Specifically, taking a recommendation method based on click rate estimation as an example, a deep network model is set in the server. For each pair of 'user-content' combinations in the candidate content set, predicting the clicking probability of the user on the content by the deep network model according to the historical clicking behaviors of the user, the semantic features and the context features of the content; then, for the content to be recommended of a certain user, recommending the content ranked at the top n as an information stream to the user according to the sequence from high click probability to low click probability.

In the related art, a recommendation algorithm usually selects push information according to the interest of a target user and judges the interest degree of the user in the information by analyzing the information content, but the recommendation method neglects the requirements of the user for acquiring the current hot event, reading the high-quality content of the small people and the like, and usually has the problem of low accuracy.

Example 2

On the basis of the above embodiment, the first interest weight calculation model is represented by the following formula:

(ii) a Wherein the content of the first and second substances,

is a weighted value;

the total number of starting points, intermediate points and end points;

is the distance between the starting point, the middle point or the end point belonging to one category and the starting point, the middle point or the end point of other categories respectively; the separation distance is defined as the number of points between the starting point, the middle point and the end point and other points of different categories;

Referring to fig. 2 and 3, the letter symbols in fig. 2 show a plurality of interest bubbles, and the distance between the interest bubble and the interest center may be a positive value or a negative value, and when the distance is a negative value, an absolute value is required.

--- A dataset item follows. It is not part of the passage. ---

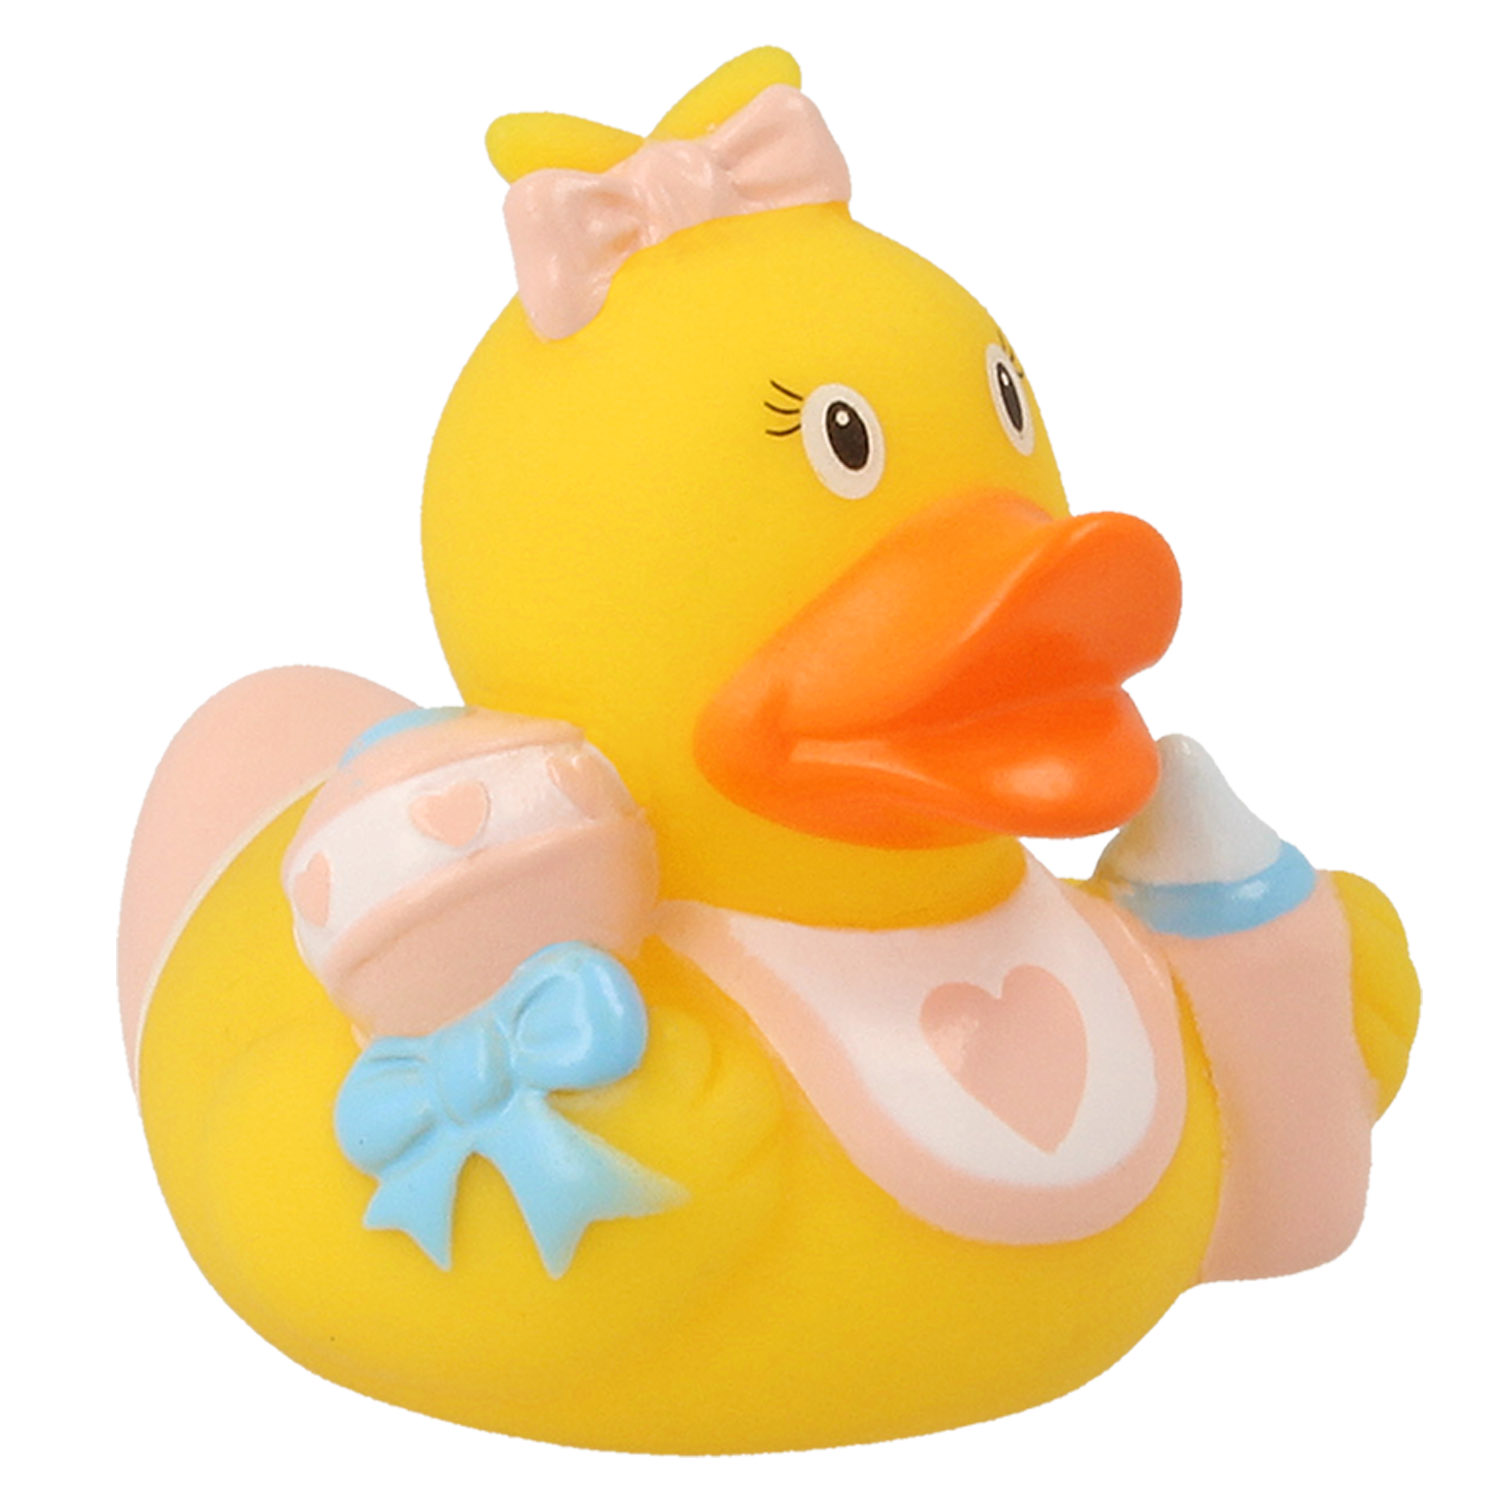 Игрушка Funny ducks для ванной Ребенок девочка уточка 1848 - фото 4
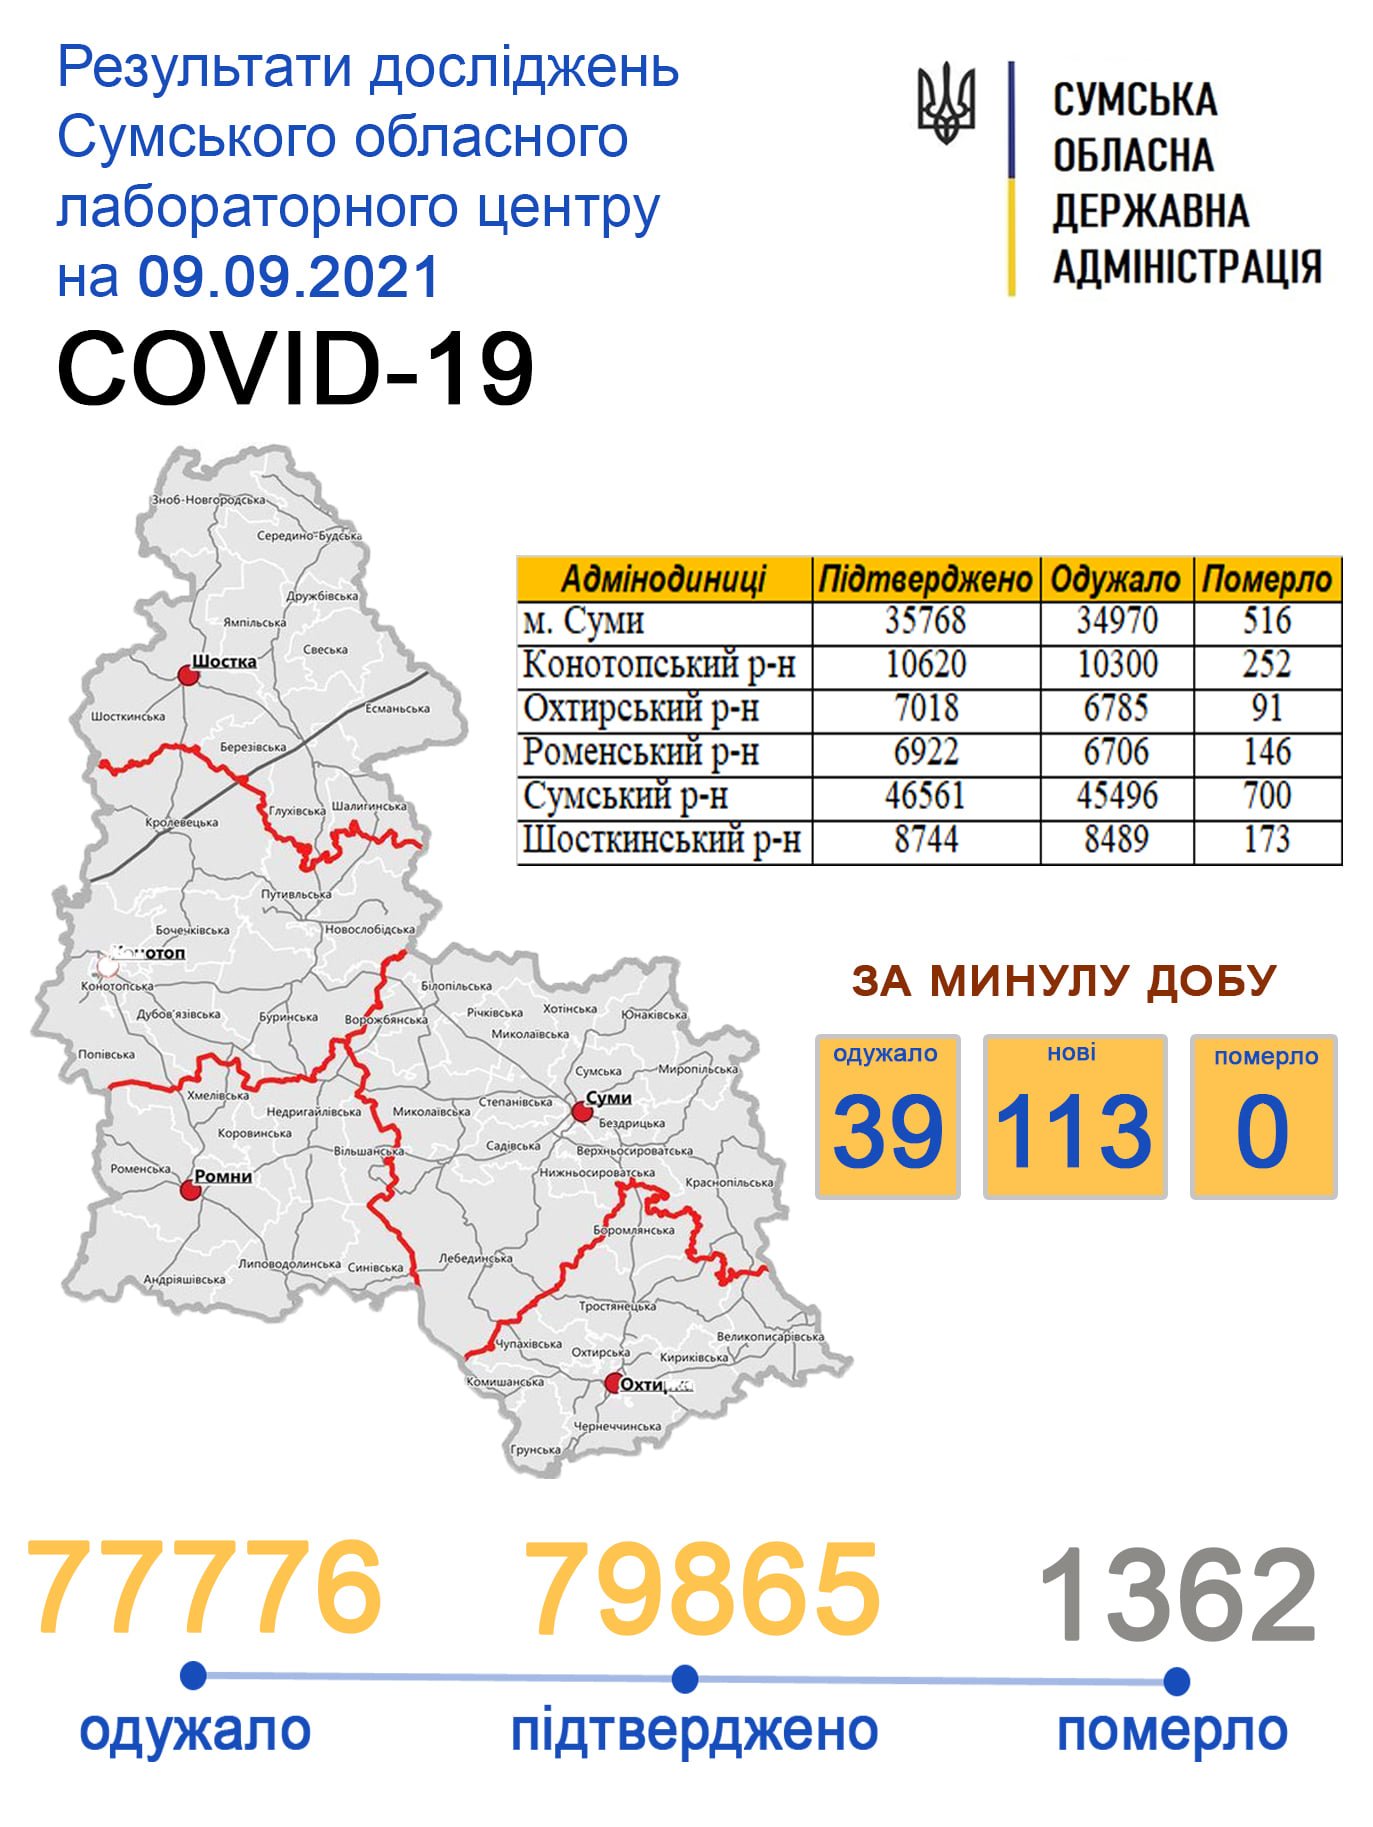     covid-19  113

FIG. 3 shows the jump chains at each point in the secondary classification.

Example 3

On the basis of the previous embodiment, the method for generating the search feature by the interest search feature generation model comprises the following steps: extracting category keywords corresponding to each secondary category; the category keywords are label keywords added during generation of the secondary category; preprocessing each label keyword in the category keywords and converting the preprocessed label keywords into a word sequence; determining a word vector of each word, and calculating a tag keyword vector of each tag keyword; clustering the label keyword vectors, and dividing the category keywords into a plurality of label keyword subsets; and extracting retrieval features according to the divided tag keyword subsets.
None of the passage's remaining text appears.